### Task prompt:
Your job is to give again, exactly and with no additions, the lines in the records below from the one with "How to mint ERC20 tokens using Open-Zeppelin" through the one with "Un vaso di vetro", both included. Omit the pictures.

### Data provided:
BEGIN

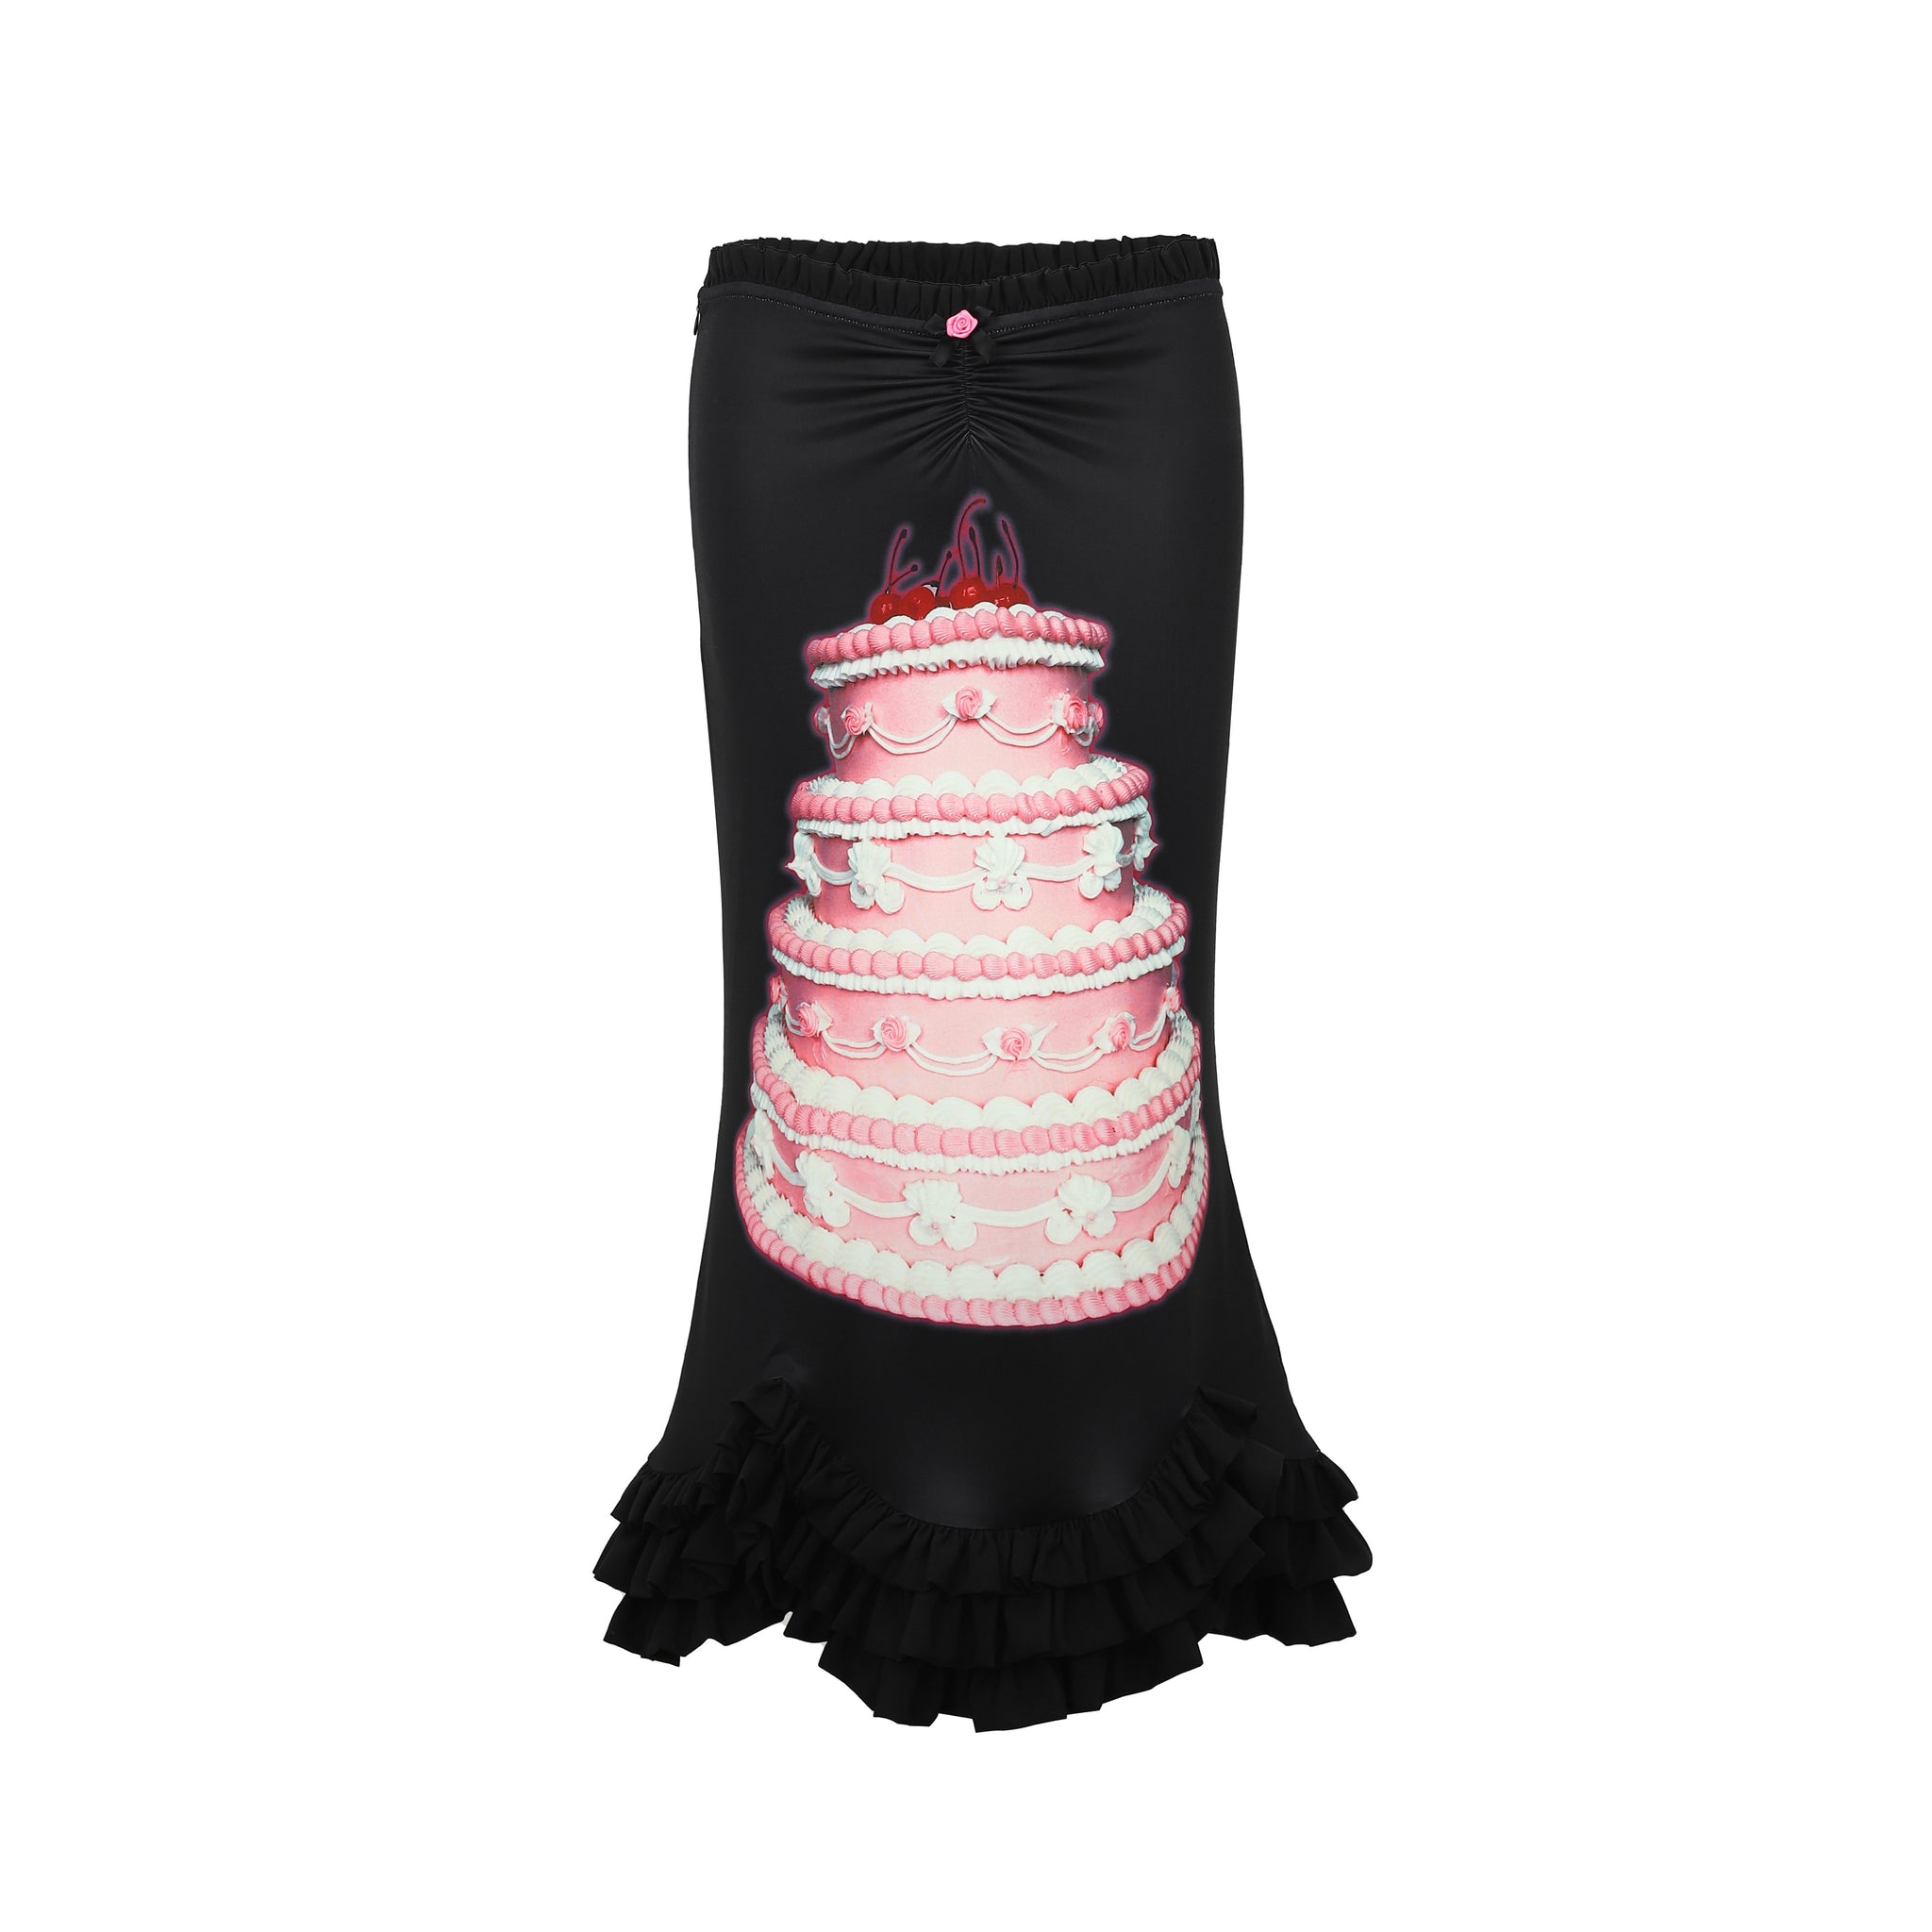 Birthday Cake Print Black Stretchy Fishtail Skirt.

END
BEGIN

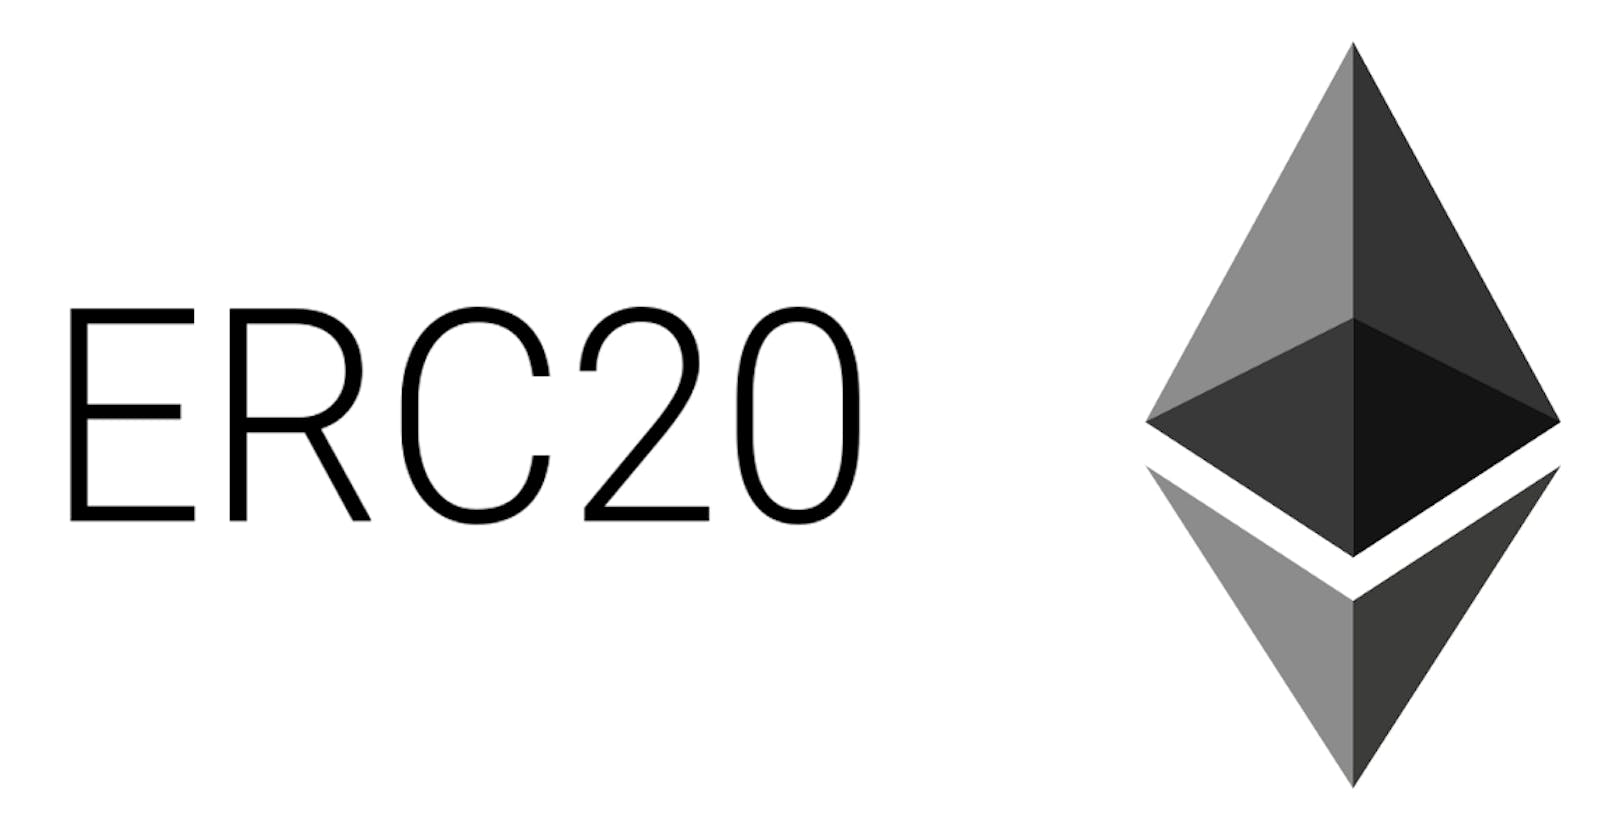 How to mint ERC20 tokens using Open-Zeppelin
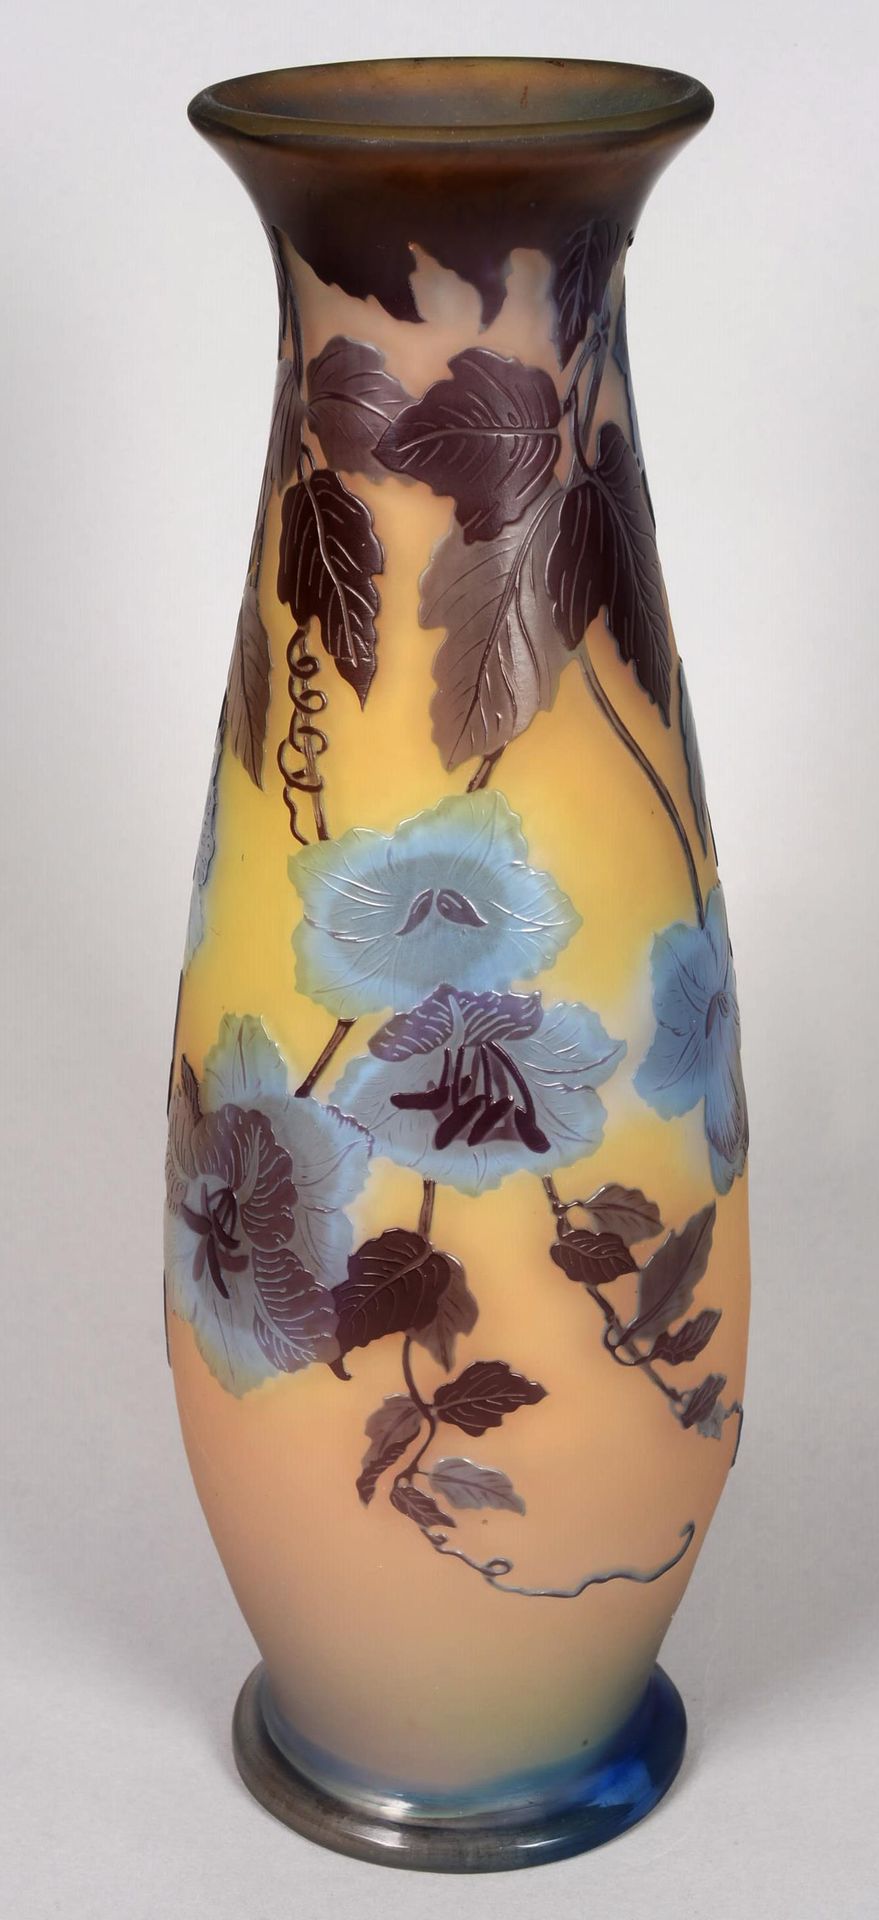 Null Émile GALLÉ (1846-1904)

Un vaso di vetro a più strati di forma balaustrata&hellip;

END

### Solution to this exercise:
 How to mint ERC20 tokens using Open-Zeppelin
 Null Émile GALLÉ (1846-1904)

Un vaso di vetro a più strati di forma balaustrata&hellip;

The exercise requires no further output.